The flag register is a special register. It is an 8-bit, 16-bit, or 32-bit register and does not make any sense as a unit. Instead, each bit has the same meaning. The flag register bits operate independently; their combined value has no meaning.
The bits of the Intel flag register is organized as follows:
The answer can be 17 bits long when two 16-bit numbers are added or 9 bits long when two 8-bit numbers are added. This extra bit that does not fit into the destination register is placed in the carry flag, which can be used and tested.
A parity flag is a check bit that is added to a block of data for error detection purposes. It is used to verify the integrity of the data. The value of the parity bit is assigned as either 0 or 1. Making the number of 1s in the message block even or odd depends on the type of parity.
Base 16 numbers are called hexadecimal numbers and can be represented by 4 bits. A collection of 4 bits is called a nibble. This flag is set if a carrier is moved from one nibble to another during addition or subtraction. The carry flag is the carry from the entire addition, and the extra carry is the carry from the first bit to the second.

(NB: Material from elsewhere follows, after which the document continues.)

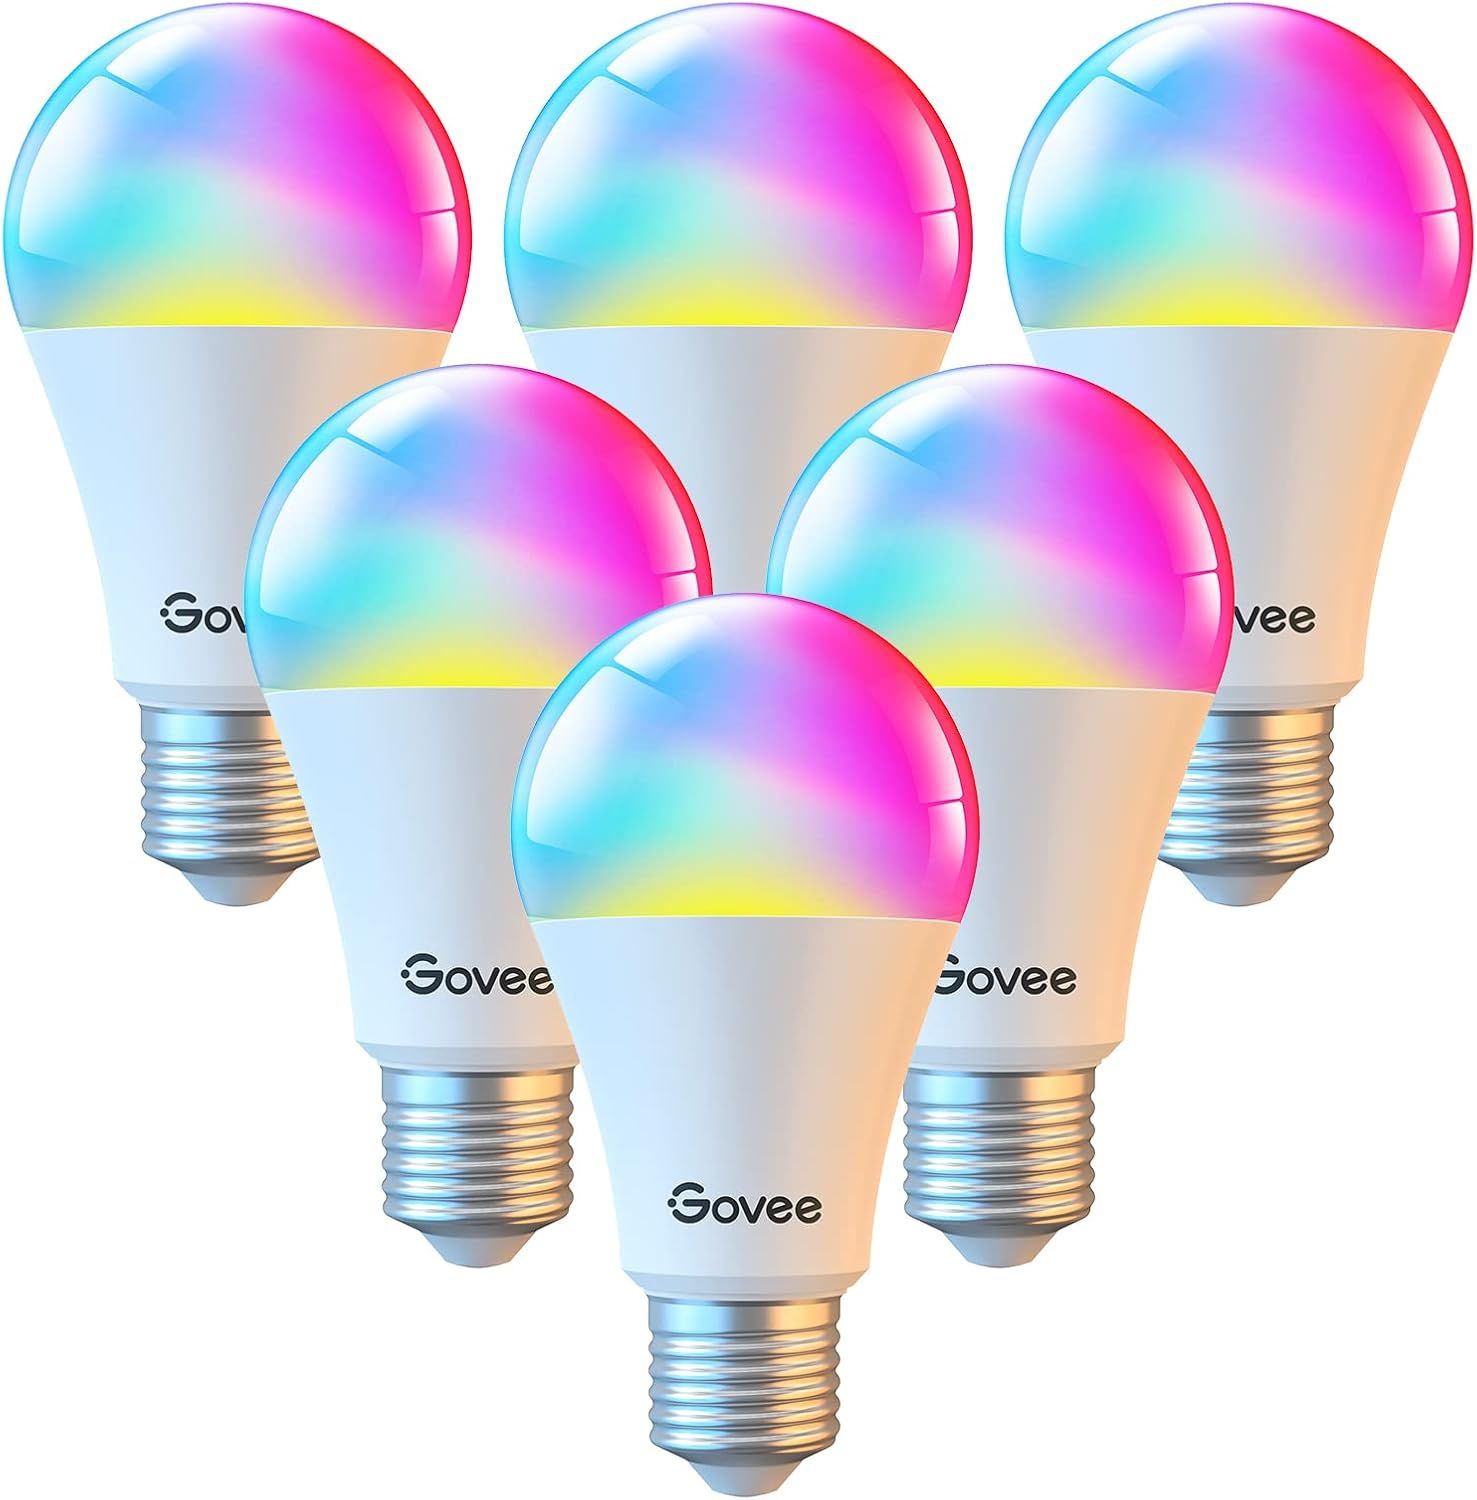 Govee Smart Light Bulbs, Color Changing Light Bulbs, Work with Alexa & Google Assistant, No Hub R... | Amazon (US)
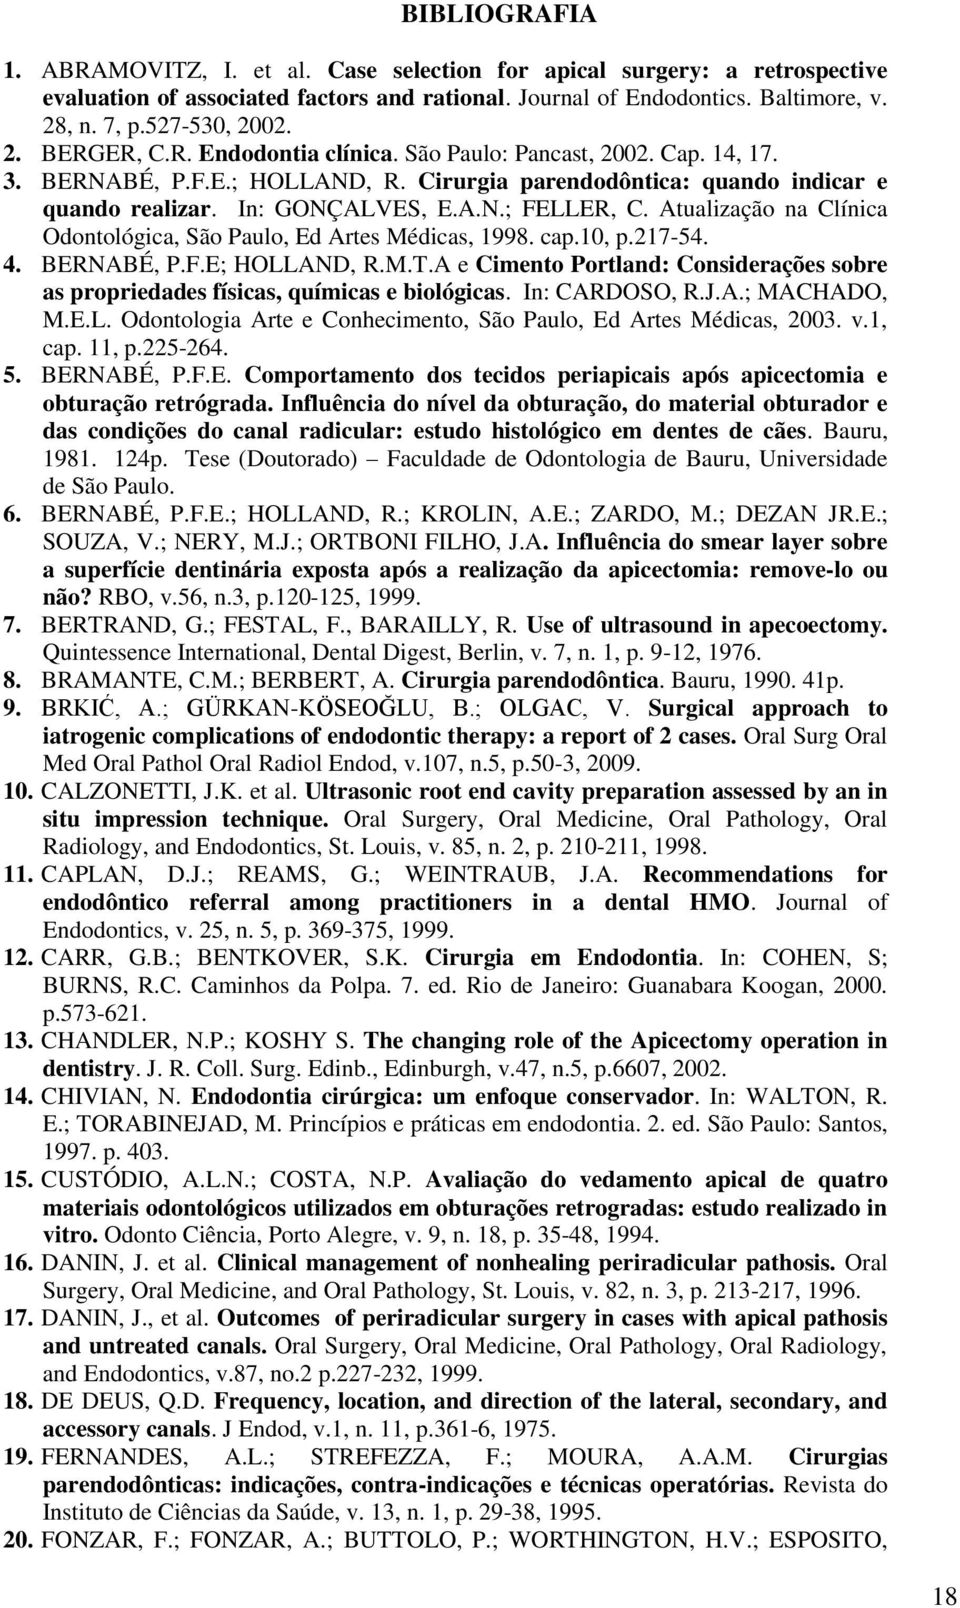 Atualização na Clínica Odontológica, São Paulo, Ed Artes Médicas, 1998. cap.10, p.217-54. 4. BERNABÉ, P.F.E; HOLLAND, R.M.T.

The zero flag is set if the last math or logic instruction returned zero at its destination.
A signed number is displayed on computers as the complement of two. In this representation, the most significant bit (MSB) is 1 for negative numbers and zero for positive numbers. The sign bit of the target of the last math or logic operation is copied to the sign flag.
A trap flag is used for on-chip debugging. Setting the trap flag puts the microprocessor into one-step debug mode. The microprocessor executes an instruction in a single step and switches to the single-step ISR.
It tells the processor whether it can be interrupted externally. Sometimes programmers do not want a particular task to be interrupted, so the interrupt flag can be set to zero. Interrupts can be disabled or enabled by special instructions to set this bit to 0 or 1, respectively.
It is particularly relevant to string statements. The direction flag specifies whether the current operation should be performed from the bottom to the top (D=0) or from the top to the bottom of the block (D=1).
Set the overflow flag during token computation, such as addition or subtraction, when the target sign changes unexpectedly. The actual process sets the overflow flag when the transfer to the MSB is different from the transfer from the MSB.